# my nipples are secreting liquid? what is it



## hanadiz (Jul 23, 2007)

I know i said i am waiting for BFN, but i guess i still hoping for anything.
i found a drop of liquid on my nipples, i squeezed and there was more but of course very tiny tiny drop.
could it be anything as i am 4 days from my test date? is it good sign or means nothing at all?
please help i am going , and  , 
hanadiz


----------



## ☼♥ Minxy ♥☼ © (Jan 13, 2005)

Hi

All the drugs we take through the treatment can cause all sorts of symptoms.  As I mentioned to you in another recent post, the HCG trigger before EC is basically the same hormone as released from implanted embryo so this can cause pregnancy like symptoms, as can the progesterone support.

I would try not to read too much into anything....but do try to stay positive as there really is no way of knowing what's happening.

Good luck
Natasha


----------



## hanadiz (Jul 23, 2007)

i know that but i had only 5000 pregnyl 32 hrs before my EC, and now i passed 12 days after i took the injection.
i am sure its out of my system, so if its not pregnyl so what could it be that makes my nipples secrete tiny clear liquid in drops if i squeeze too
hanadiz


----------



## ☼♥ Minxy ♥☼ © (Jan 13, 2005)

Whilst 5000 IU of Pregnyl should be out of your body by now, as I mentioned in previous post......the progesterone support can also cause this.  Progesterone is what supports early pregnancy until placenta takes over and so the progesterone support can cause pregnancy like symptoms.
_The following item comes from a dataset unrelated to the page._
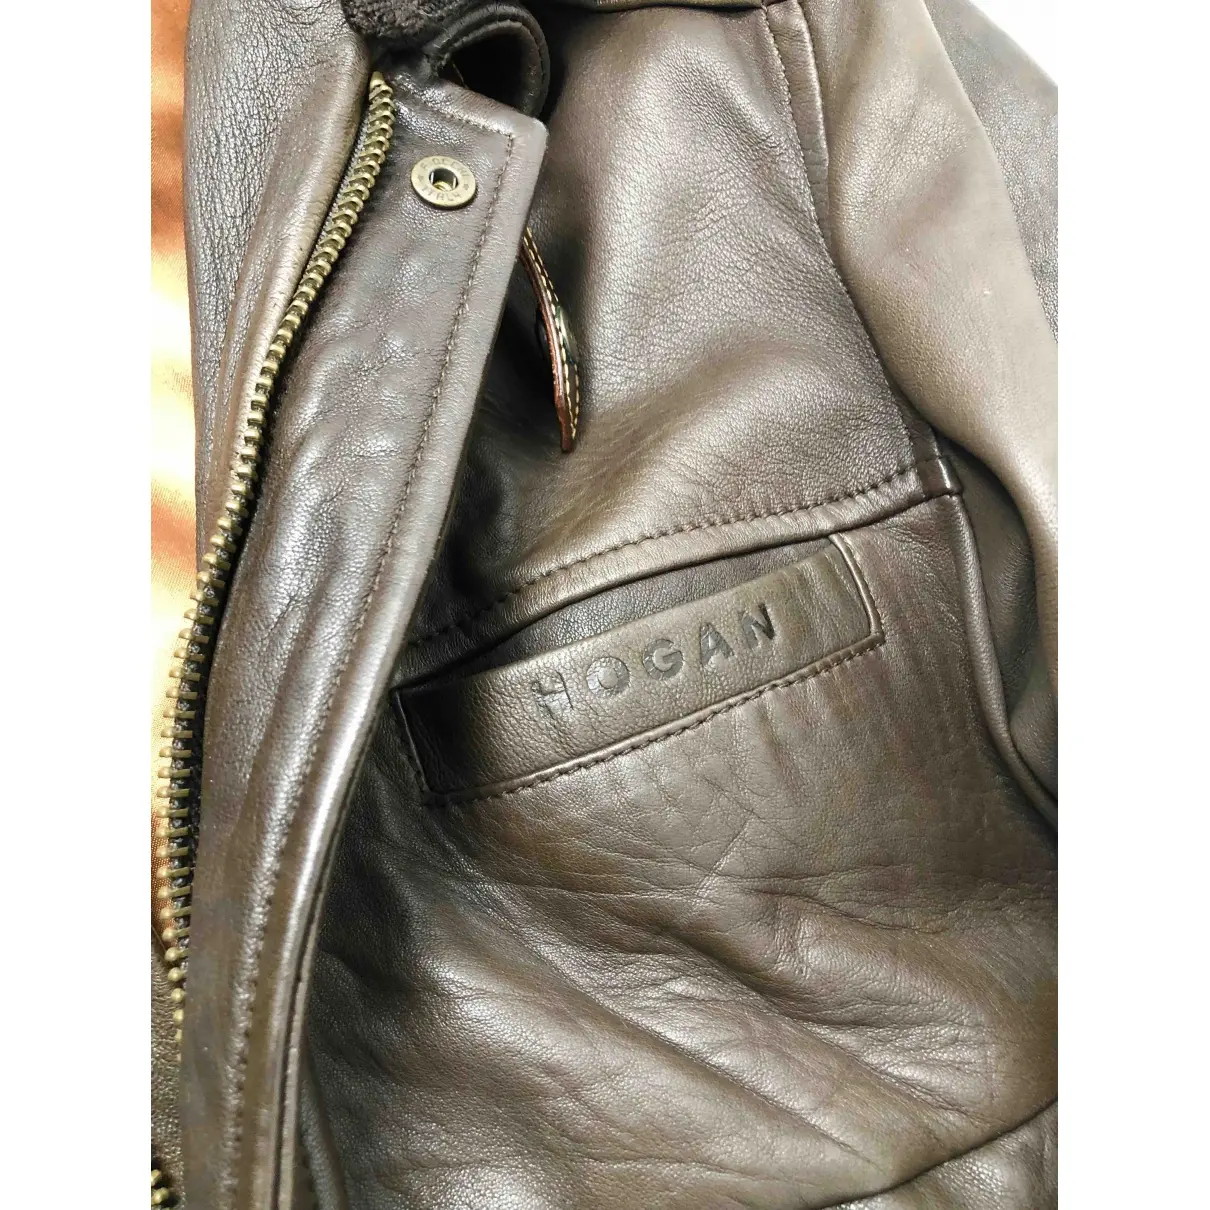 Hogan Leather jacket for sale - Vintage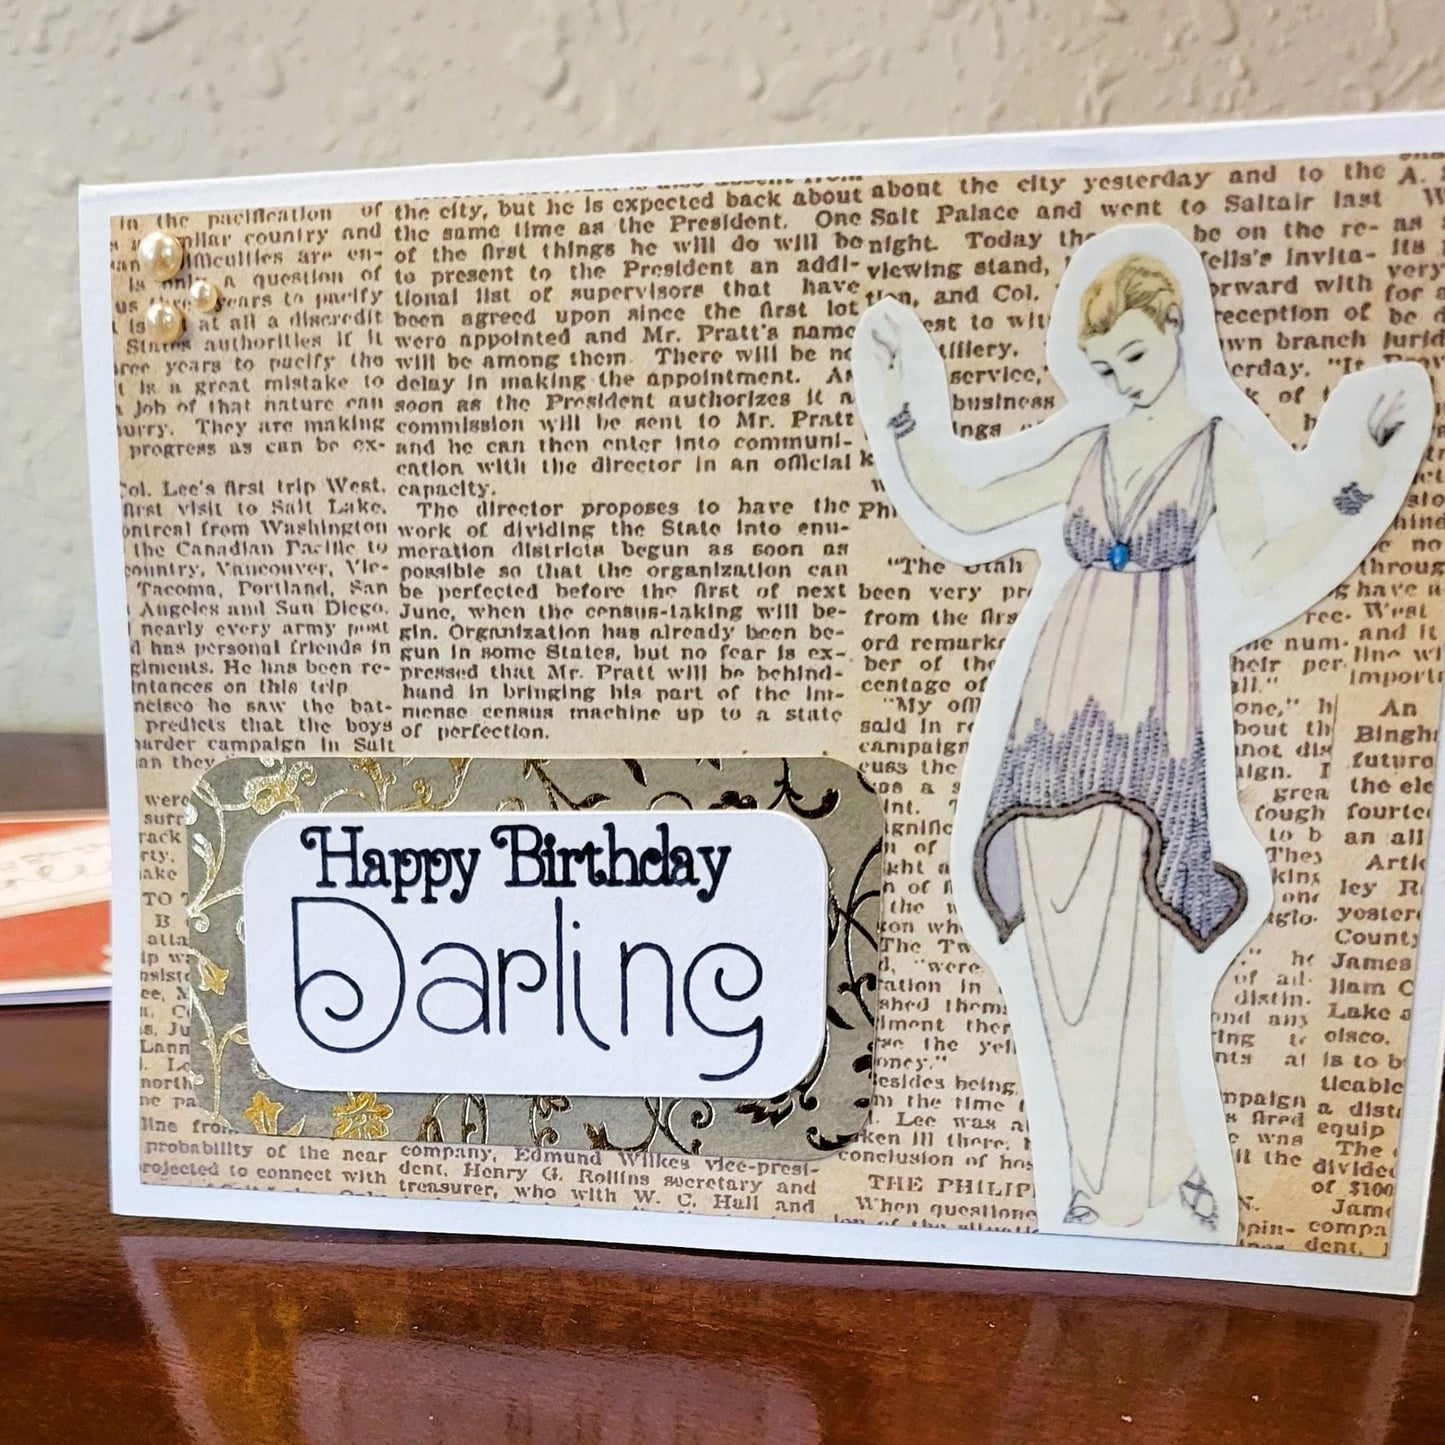 Vintage Ladies, Elegant Lady - Happy Birthday, Vintage-Inspired Collection - Handmade Greeting Card - 31 Rubies Designs

Please please try not to over analyse everything...so stop squeezing your nips   I sometimes get this in a completely natural cycle....and it's down to progesterone following ovulation.


----------



## hanadiz (Jul 23, 2007)

i am taking a break after this cycle if its BFN. I will fly back home and rest for a while. my first cycle was in July 2007, my 2nd was on oct 2007 ended up inM/C which was in December 2007 and then i tried again in April. I didnt take a break on my 4th cycle....
hoping to be BFP but if not i will take again a break hoping my luck to change and hoping they will implant again.
I should not read into any signs but u cannot resist but holding to anything. i am sure we all are the same, u just cannot help it.
3 days to go.....for my test
hanadiz


----------



## DreamTeam (Nov 1, 2007)

Hey Hanadiz,
It might be nothing and maybe everyone is right to tell you not to over analyse it. I had liquid come out of my nipple in August and sat on it for ages before going to the GP in September and then again in January. They found a lump. I really hope it is nothing but I wouldn't wonder alone. Please go to your GP just incase.

love
Snowbelle


----------



## ☼♥ Minxy ♥☼ © (Jan 13, 2005)

snowbelle said:


> Hey Hanadiz,
> It might be nothing and maybe everyone is right to tell you not to over analyse it. I had liquid come out of my nipple in August and sat on it for ages before going to the GP in September and then again in January. They found a lump. I really hope it is nothing but I wouldn't wonder alone. Please go to your GP just incase.
> 
> love
> Snowbelle


I agree with Snowbelle.....in terms of over analysing I was refering to your IVF treatment but as Snowbelle rightly says, if you're concerned for any other reason then do get it checked out.

Take care
Natasha


----------



## lisalondon (Apr 8, 2008)

the only problem with going to your GP about that is that they will probably say it has to do with the hormones and ask you to come back at a later stage.


----------



## DreamTeam (Nov 1, 2007)

lisalondon said:


> the only problem with going to your GP about that is that they will probably say it has to do with the hormones and ask you to come back at a later stage.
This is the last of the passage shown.